_ASSIGNMENT_. Every line below should come back exactly as written, though the pictures stay out.

_SUPPLIED MATERIAL_.
▶

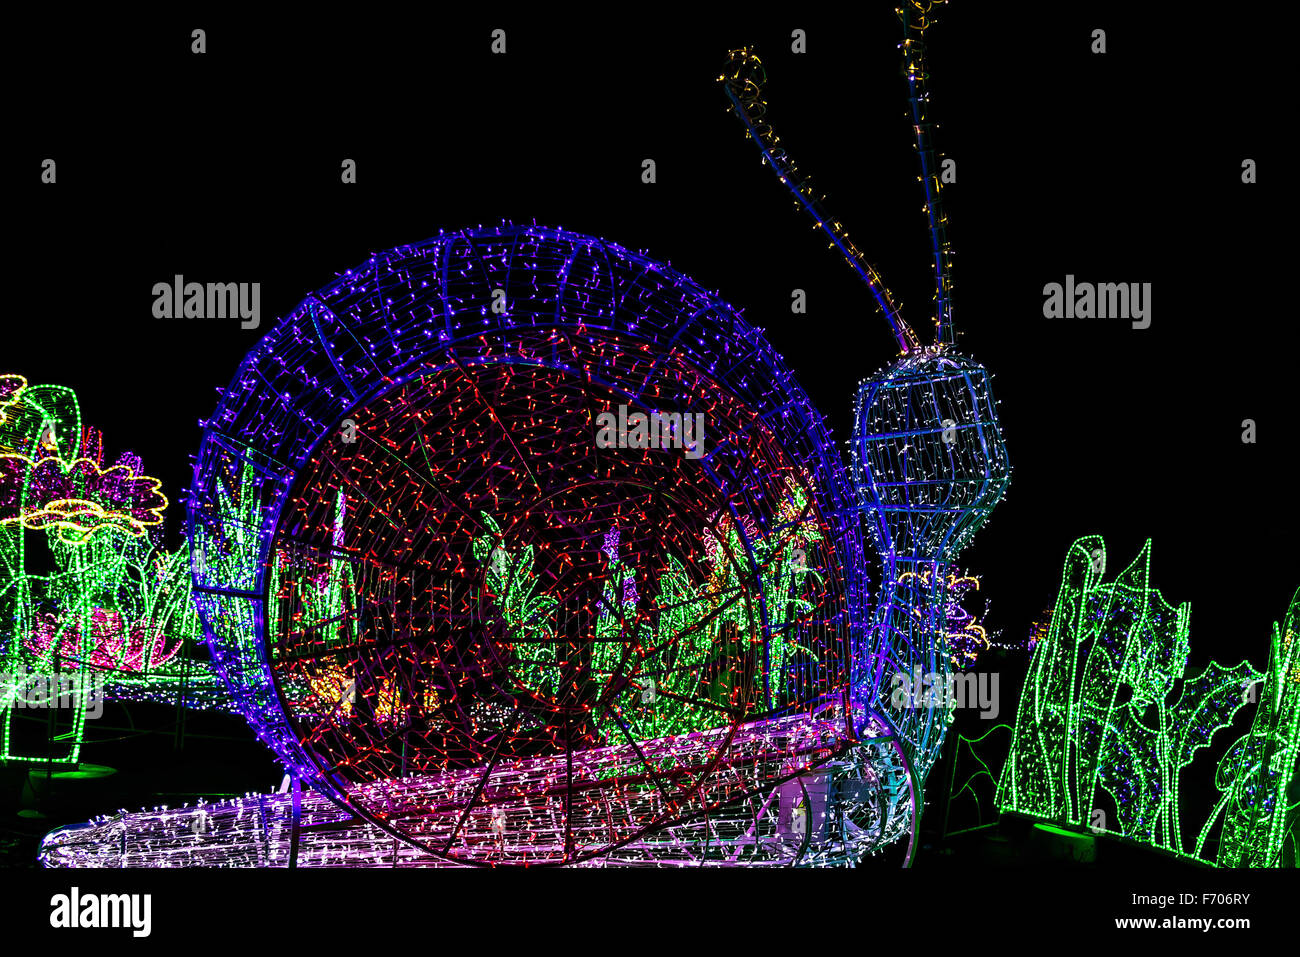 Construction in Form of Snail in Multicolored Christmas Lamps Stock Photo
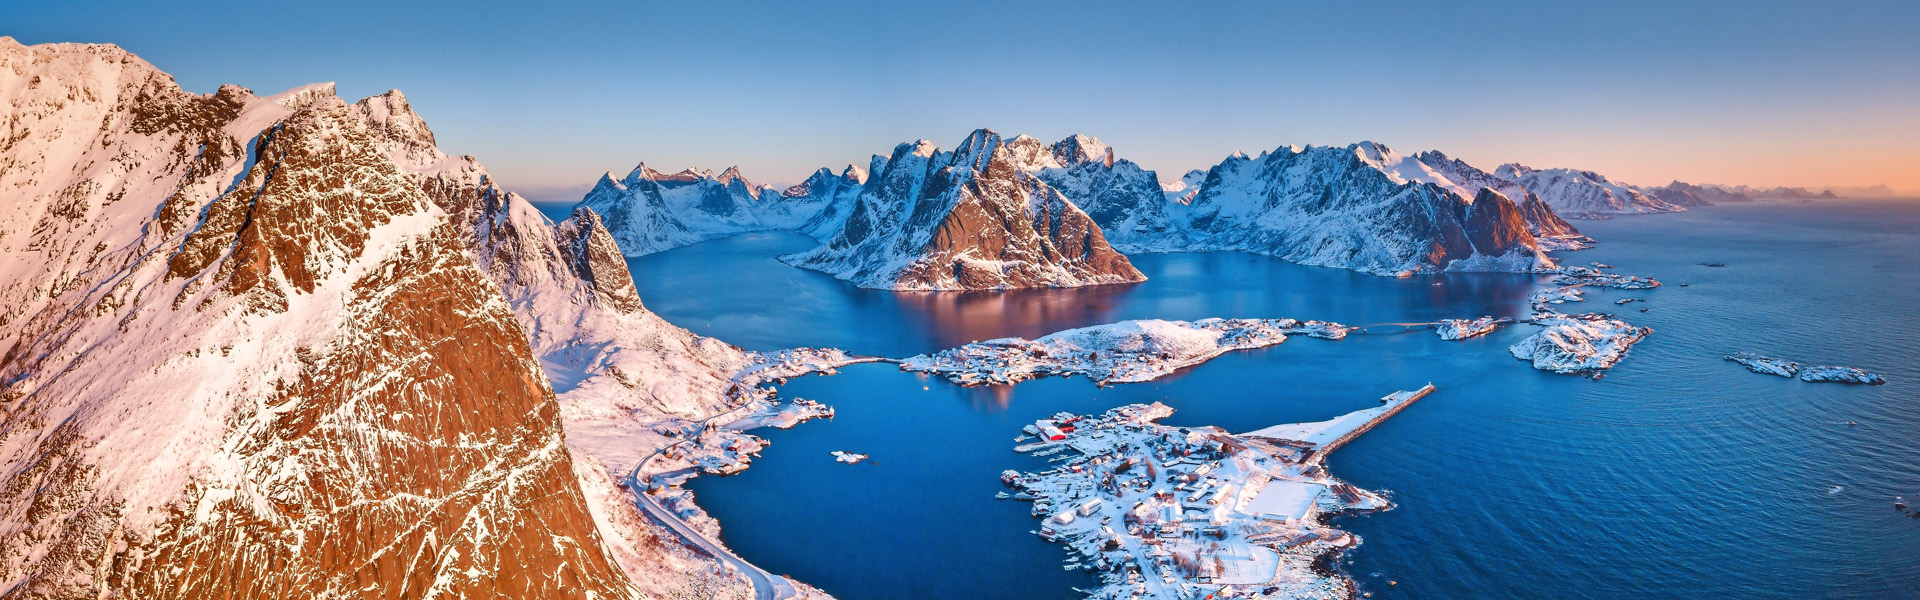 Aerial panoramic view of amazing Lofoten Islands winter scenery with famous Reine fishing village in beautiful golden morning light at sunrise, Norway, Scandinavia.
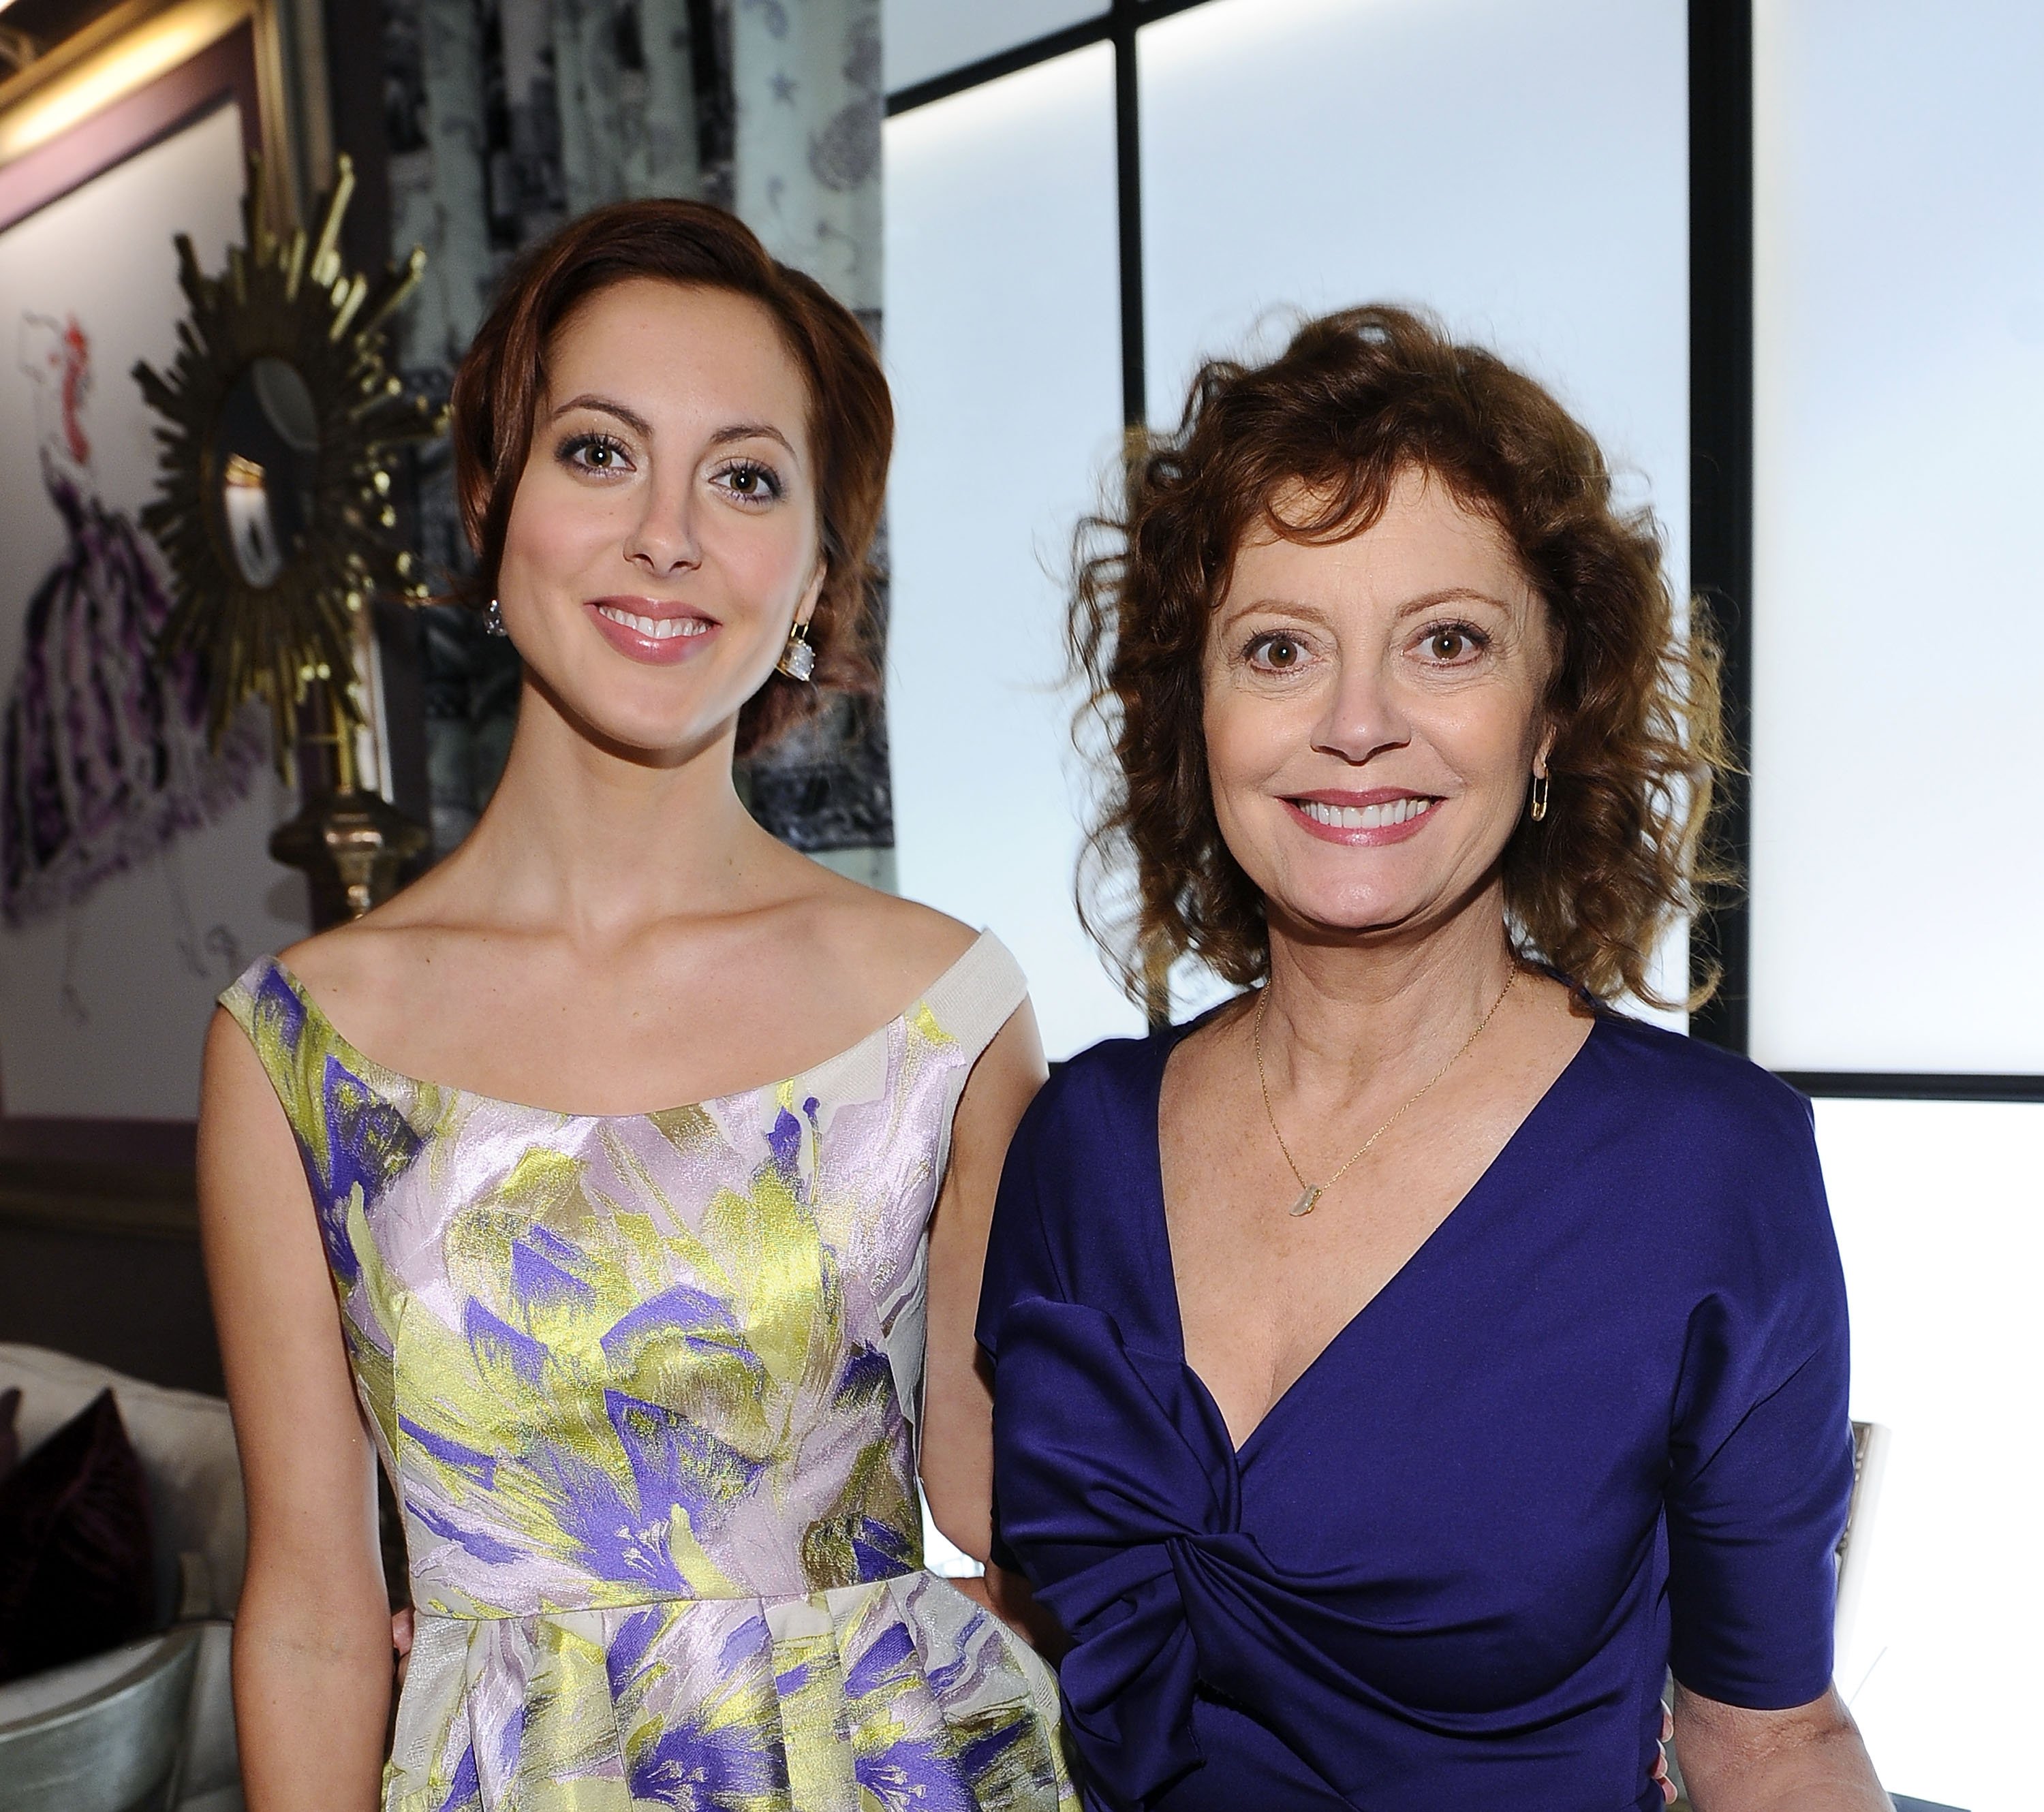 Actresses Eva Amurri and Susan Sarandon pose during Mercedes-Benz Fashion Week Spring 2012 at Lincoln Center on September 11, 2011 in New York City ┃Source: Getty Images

◀

_FINAL ANSWER_.
 Construction in Form of Snail in Multicolored Christmas Lamps Stock Photo
 Aerial panoramic view of amazing Lofoten Islands winter scenery with famous Reine fishing village in beautiful golden morning light at sunrise, Norway, Scandinavia.
 Actresses Eva Amurri and Susan Sarandon pose during Mercedes-Benz Fashion Week Spring 2012 at Lincoln Center on September 11, 2011 in New York City ┃Source: Getty Images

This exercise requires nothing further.